= AKSHI public procurement scandal =

Public procurement scandal in Albania

AKSHI public procurement scandal refers to a major corruption investigation in Albania, made public in late 2025 and led by the Special Structure against Corruption and Organized Crime (SPAK), on the manipulation of public procurement procedures within the National Agency for Information Society (Agjencia Kombëtare e Shoqërisë së Informacionit, AKSHI). It has been described as one of the largest corruption investigations in Albania in the last decades.

The procurement offers under investigation are mainly related to maintenance of servers for key governmental institutons, and are of high value, with estimates around 750 million to 1.5 billion euros. SPAK alleges that the public procurement procedures were systematically manipulated to favor a network of companies under the ownership of Ergys Agasi and Ermal Beqiri, resulting in significant financial damage to the state budget.

AKSHI is a governmental agency that manages a large part of the digital governance system in Albania, including the e-Albania platform and hosts sensitive informations of Albanian citizens.

== The case ==
On December 16, 2025, after one year of background work, SPAK made public a high-profile investigation, announced charges and issued security measures against eight officials and businessmen involved in AKSHI public procurement manipulation scheme. Prosecutors allege that a sophisticated criminal network rigged at least twelve public procurement procedures. The investigators questioned around 25 AKSHI officials, including members of the public procurement complaints commission. A decisive testimony that helped SPAK build the case was that of Daniel Shima, a former AKSHI deputy director, who said that the corruptive actions were carried out under direct orders from Mirlinda Karçanaj.

AKSHI Director Mirlinda Karçanaj and her deputy Hava Delibashi were placed under house arrest, while the deputy director for Criminal Investigations in the Tirana Police, Erjon Ismaili, was suspended from duty. Several other officials were hit with travel bans or mandatory reporting requirements.

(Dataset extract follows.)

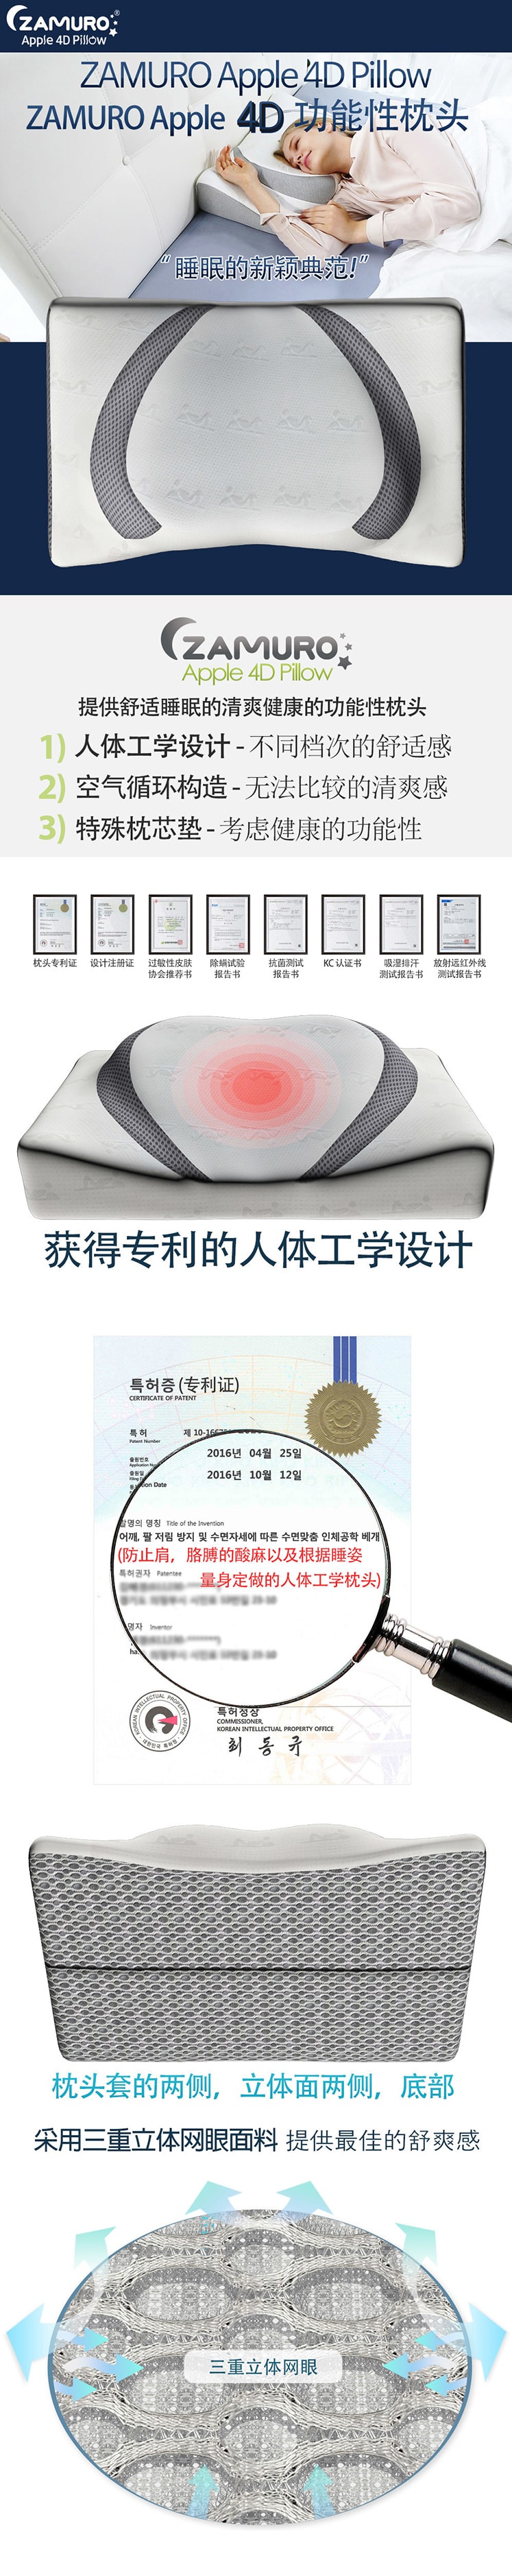 韓國 ZAMURO蘋果4D人體工學頸椎功能記憶泡沫枕頭 1 件

Central to the investigation are businessmen Ermal Beqiri and Ergys Agasi. SPAK issued arrest warrants for both Agasi and Beqiri, with charges including money laundering, illegal competition, unlawful deprivation of liberty (kidnapping of competitor Gerond Meçe), violation of procurement offer equality, and participation in a structured criminal group. Agasi and Beqiri were not found during the execution of the warrants and were declared wanted. Ergys Agasi's name was previously mentioned by fugitive former Deputy Prime Minister Arben Ahmetaj, during an interview for Italian investigative TV program Report, as “the coordinator between the prime minister and criminal groups”.

Authorities also charged three other businessmen, Andis Papa, Gëzim Hoxha, and Rogers Rryta, who were banned from leaving Albania and suspended from duty. All three are accused of participating in the manipulation scheme in one way or another, by issuing fake invoices of conducting transactions with companies who were not genuine participants in the procurement competition.

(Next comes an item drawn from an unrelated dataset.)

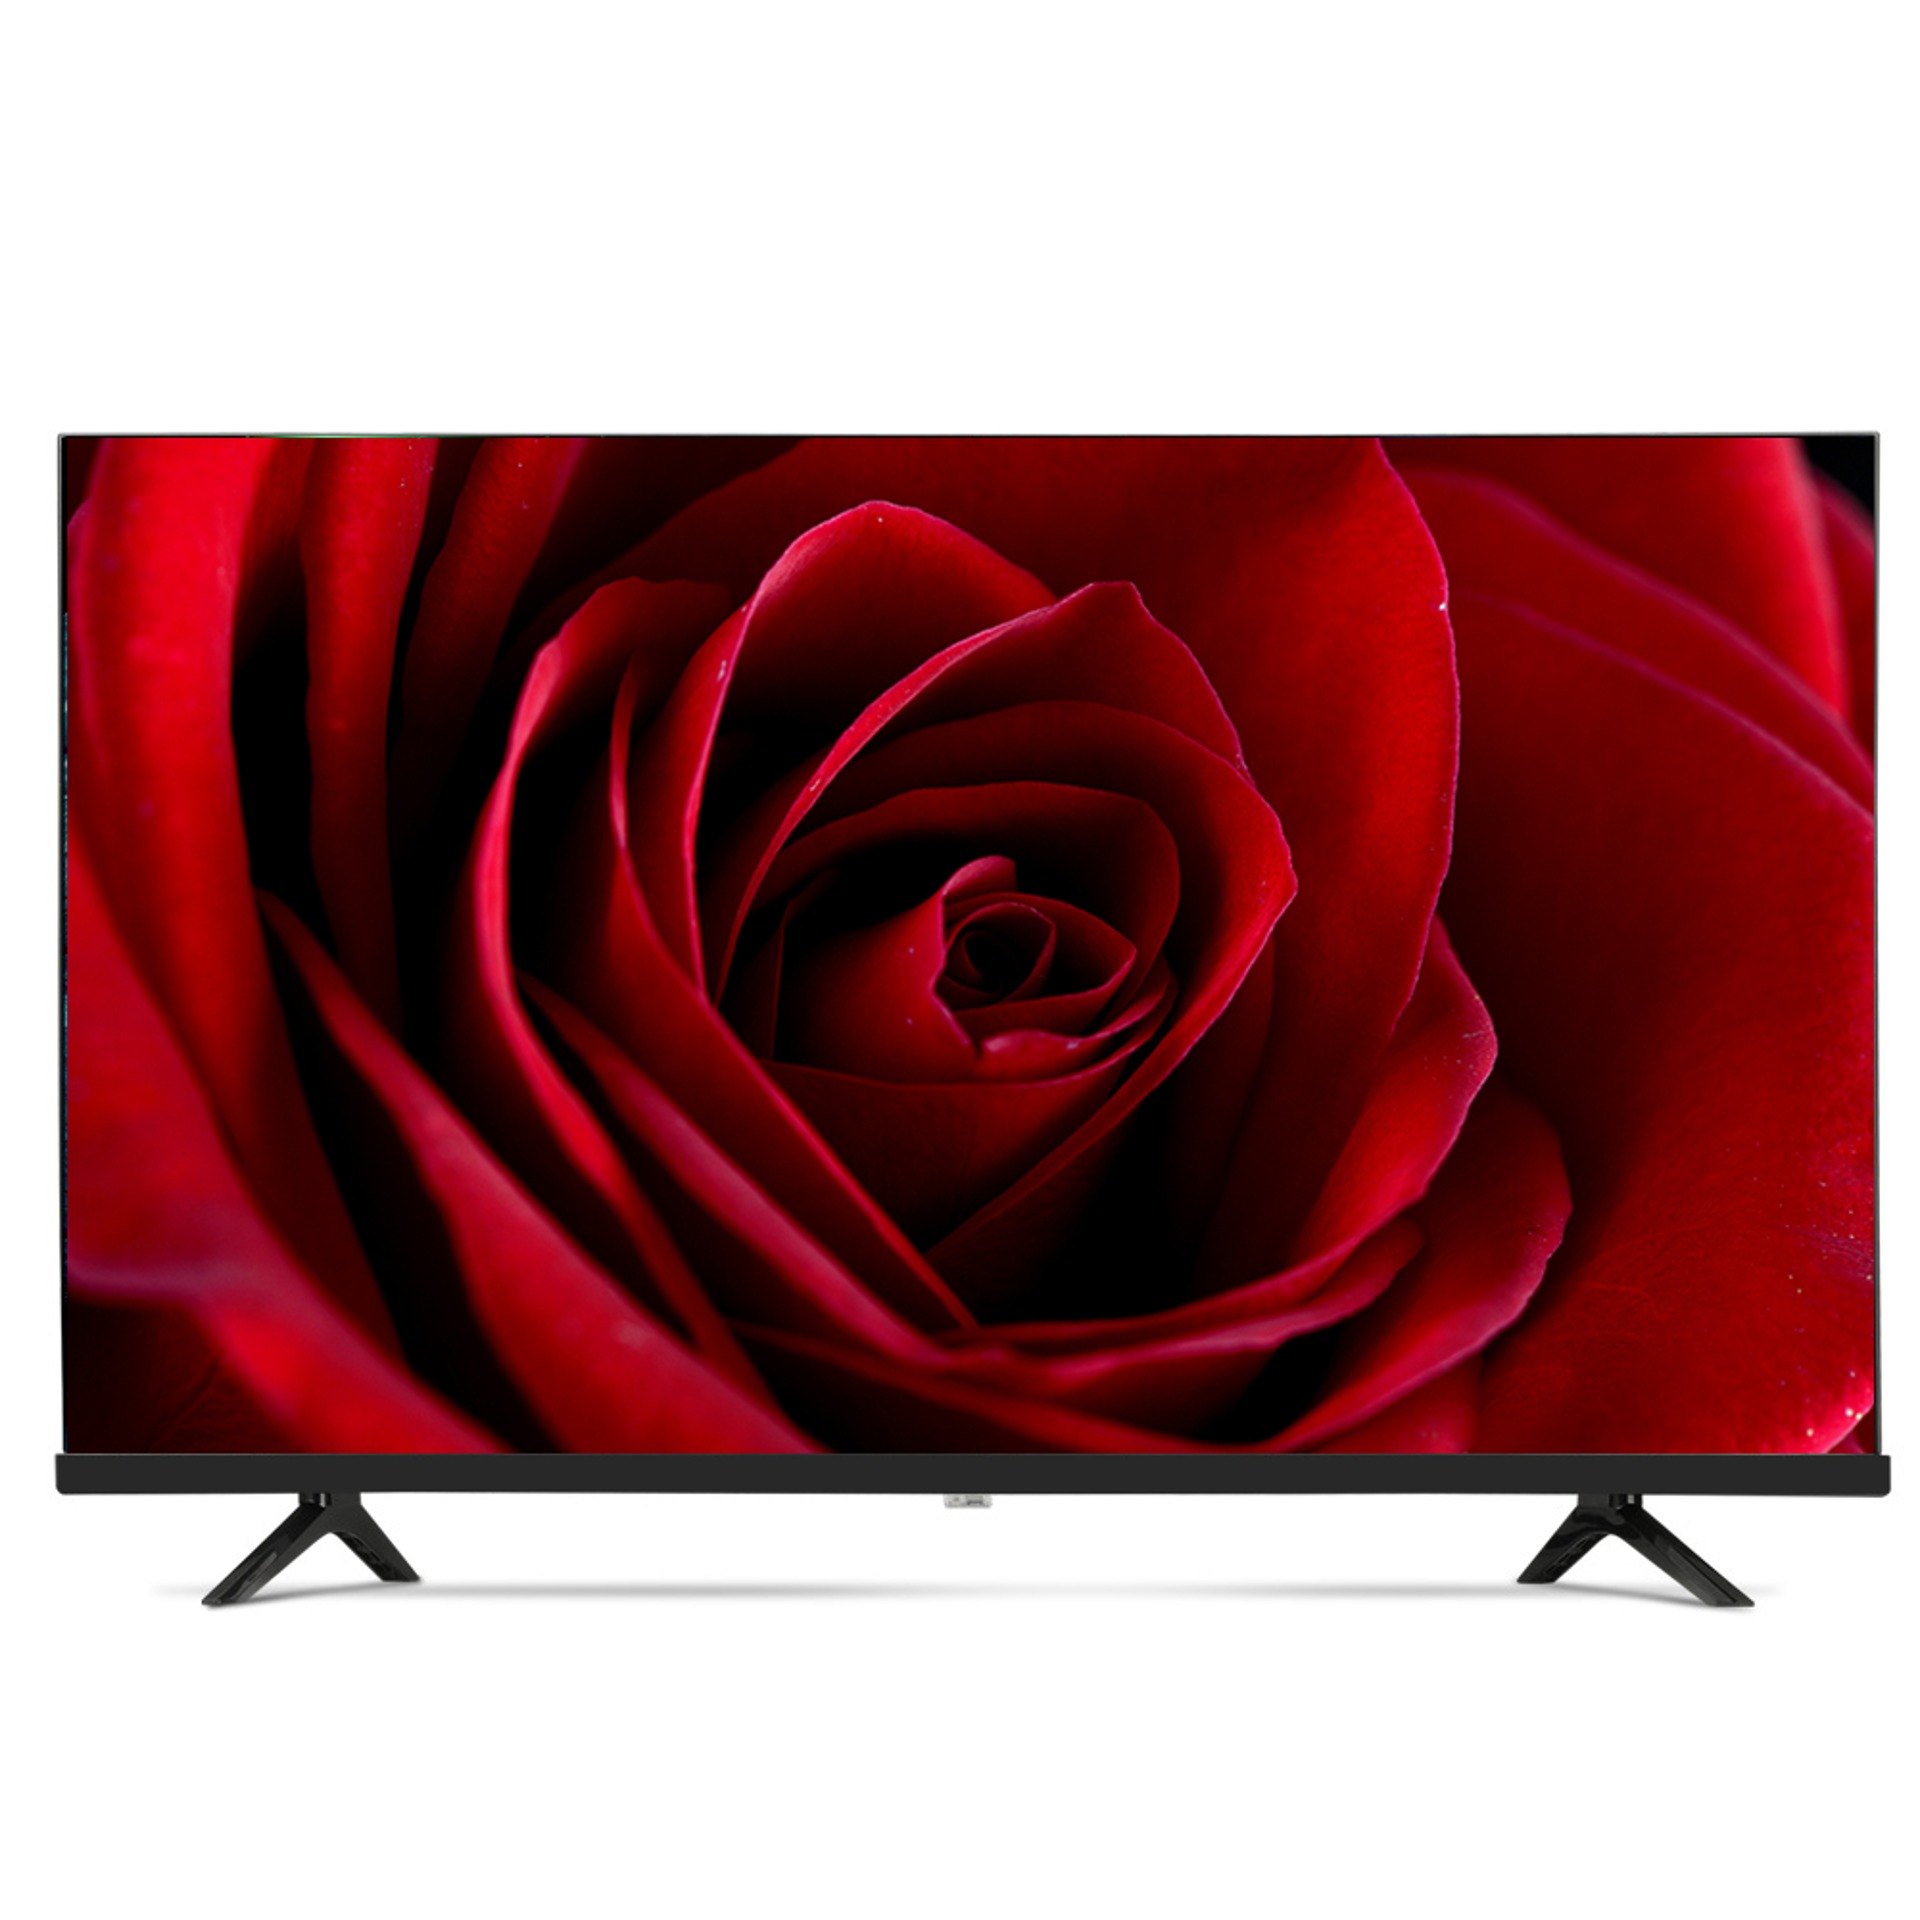 농협 하나로마트 판매모델 NH320HD 32인치 HDTV

Prosecutors state that intercepted communications, digital recordings, and financial trails provide compelling evidence that lucrative contracts were deliberately steered toward predetermined companies linked to Beqiri and his collaborators.

=== Kidnapping of Gerond Meçe ===
A key element of the investigation involved an episode in which Agasi and Beqiri, in collaboration with police officers, are suspected to have took their competitor Gerond Meçe hostage for several hours forcing him to withdraw, after he had filed complaints about the procurement procedures.

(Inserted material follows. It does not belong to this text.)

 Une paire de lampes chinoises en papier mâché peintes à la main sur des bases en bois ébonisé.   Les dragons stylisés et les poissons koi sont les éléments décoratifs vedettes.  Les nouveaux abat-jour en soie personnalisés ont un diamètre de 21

== Continued contract payments despite investigation ==
An investigative report on February 2026, found that even after the SPAK investigation was publicly announced on 16 December 2025, payments from the governmental budget to companies involved in the investigation still continued. Data from platforms on public spending transparency, show that companies connected to the suspects kept receiving payments. This has raised questions, about the persistence of networks, and why payments and contracts were not suspended or reviewed, given the corruption charges and the ongoing investigation.

== Asset seizures ==
In April 2026, SPAK seized around 52 properties and several bank accounts with a total value of around 40 million euros. The seized assets were in the names of 5 persons under investigation. The seized assets include apartments in Tirana and on the sea coast, bank accounts, agricultural land, automobiles, garages, and a luxury yacht named "Skyfall" registered under the name of Ermal Beqiri.

Despite Prime Minister Edi Rama's previous claim that she was living in a rented home, former AKSHI director Mirlinda Karçanaj had multiple assets seized by the prosecutors, including three apartments, 1500 m^{2} parcel of land in Sauk, bank accounts and a Volkswagen Tiguan.

=== Money laundering and asset concealment ===
SPAK indicated that proceeds from the scheme were laundered through complex financial and real estate transactions involving intermediaries and nominal owners. Some transactions involved employees of the involved IT companies acting as nominal buyers or sellers, in order to conceal the real ownership of the assets. In some cases, properties were reportedly transferred multiple times at below-market values, when the real value of these assets significantly exceeded the declared transaction prices, before being registered under the names of the relatives or associates of the suspects.